SUPPLIED MATERIAL:
•••
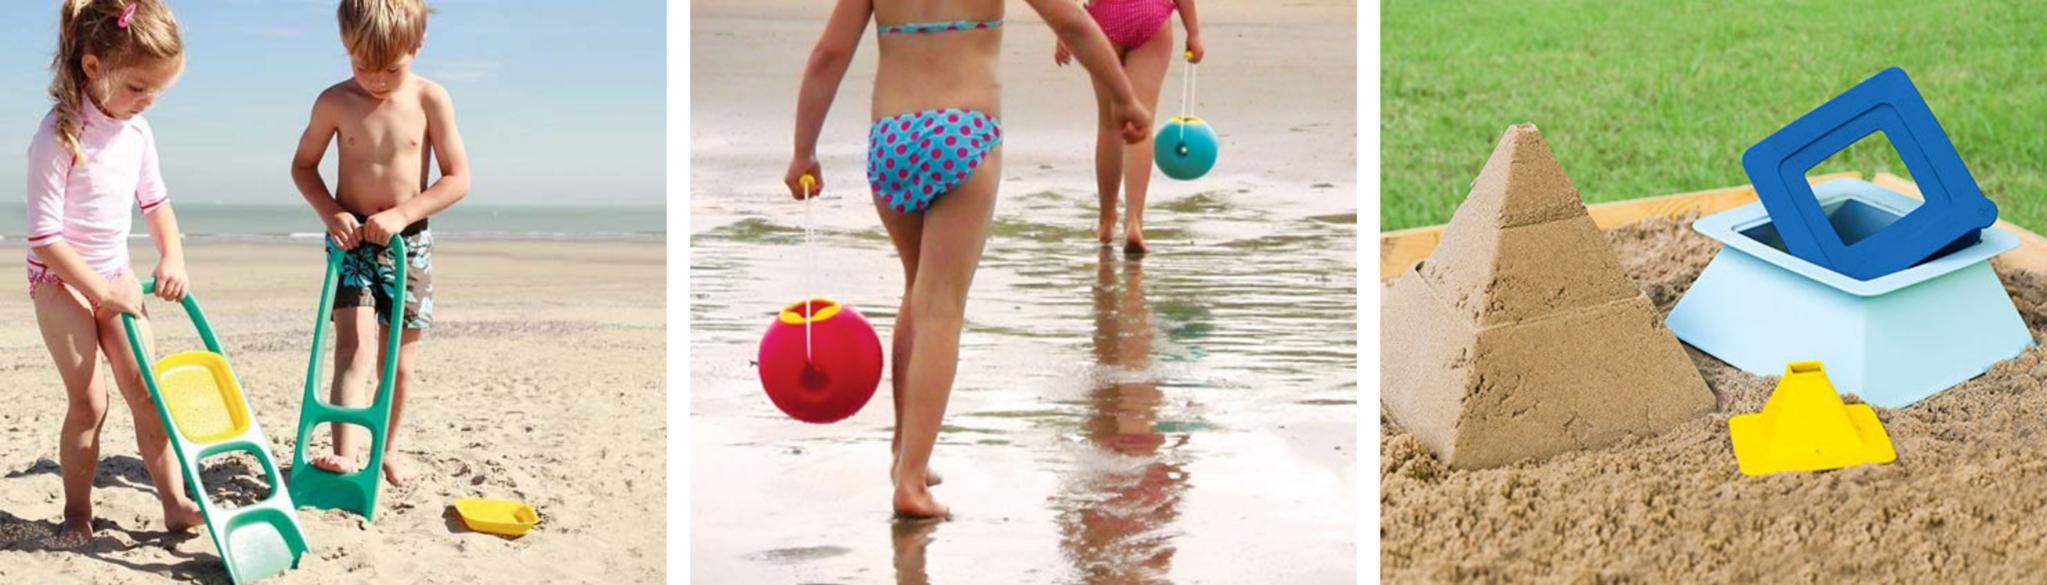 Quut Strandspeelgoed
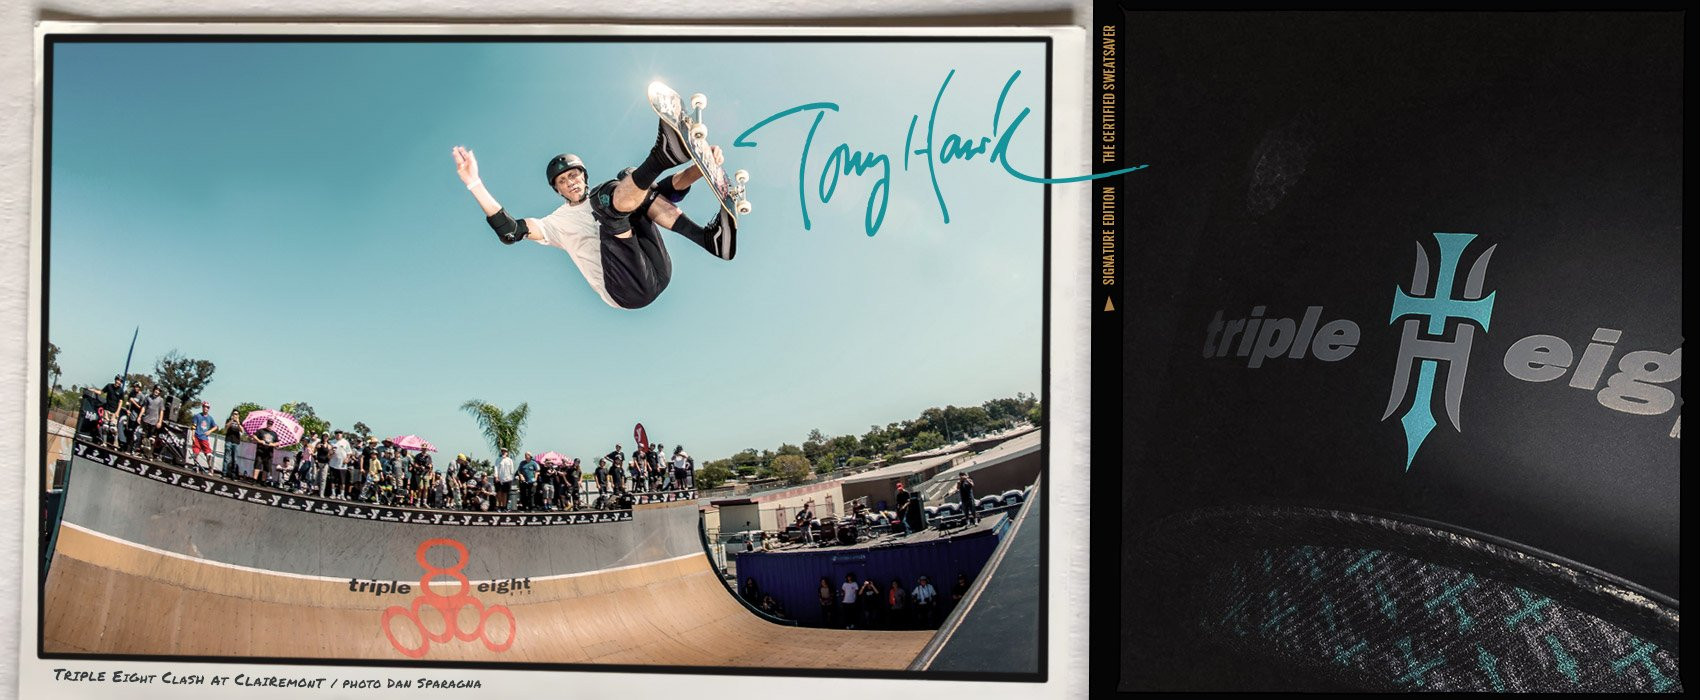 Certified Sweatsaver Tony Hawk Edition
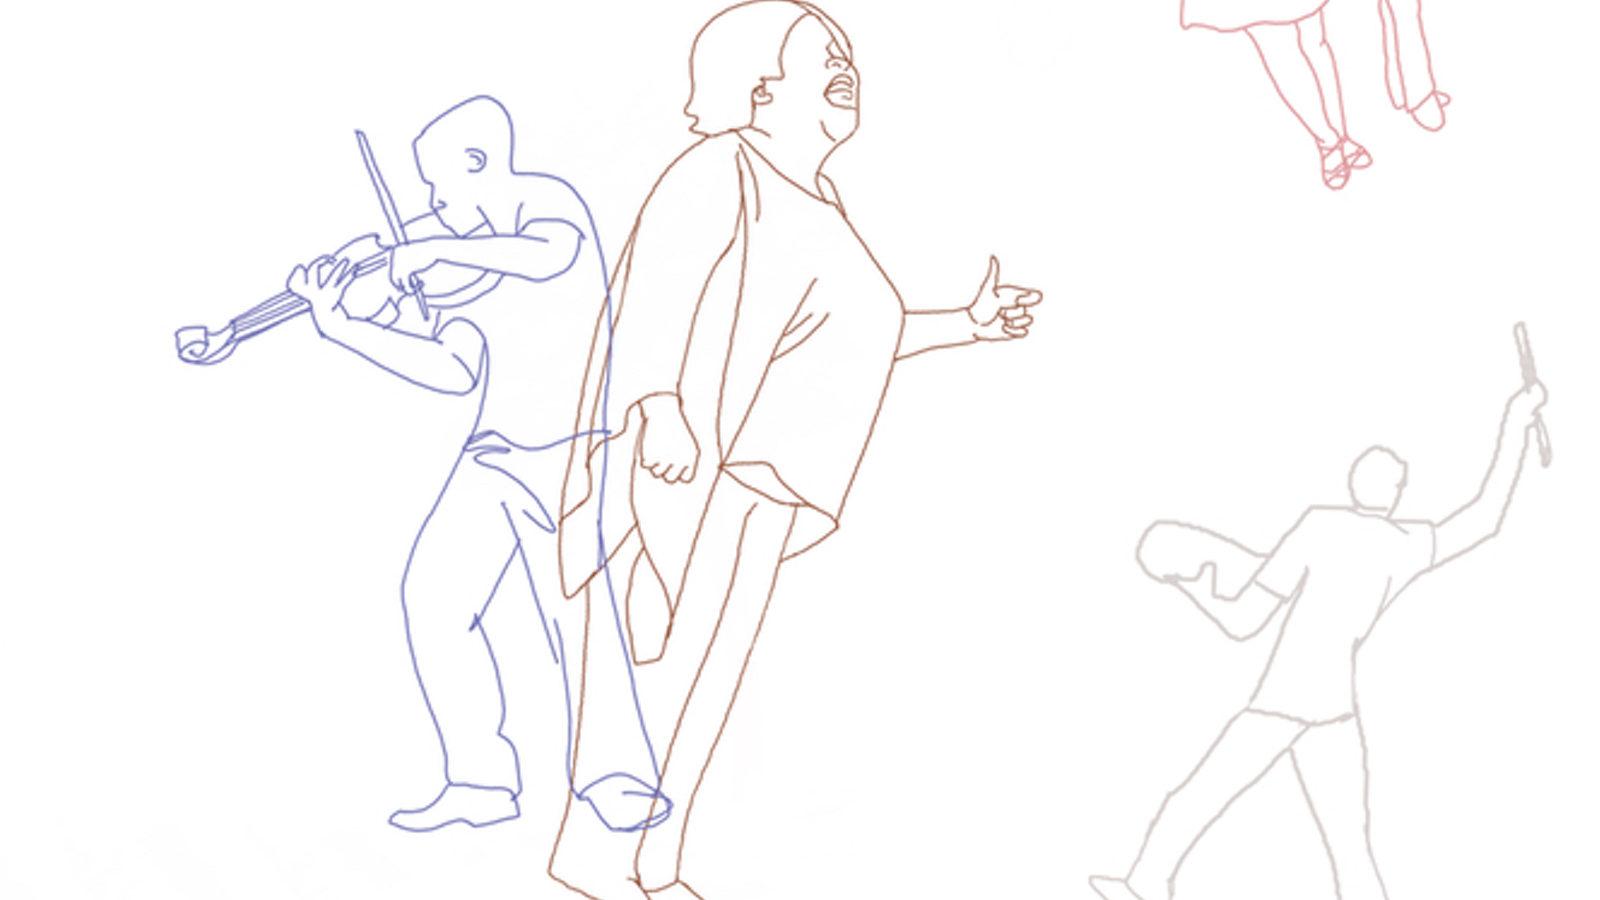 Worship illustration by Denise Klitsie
•••
YOUR OBJECTIVE: Apart from the images, every line above needs to be printed again exactly.

REPLY TO THE EXERCISE:
 Quut Strandspeelgoed
 Certified Sweatsaver Tony Hawk Edition
 Worship illustration by Denise Klitsie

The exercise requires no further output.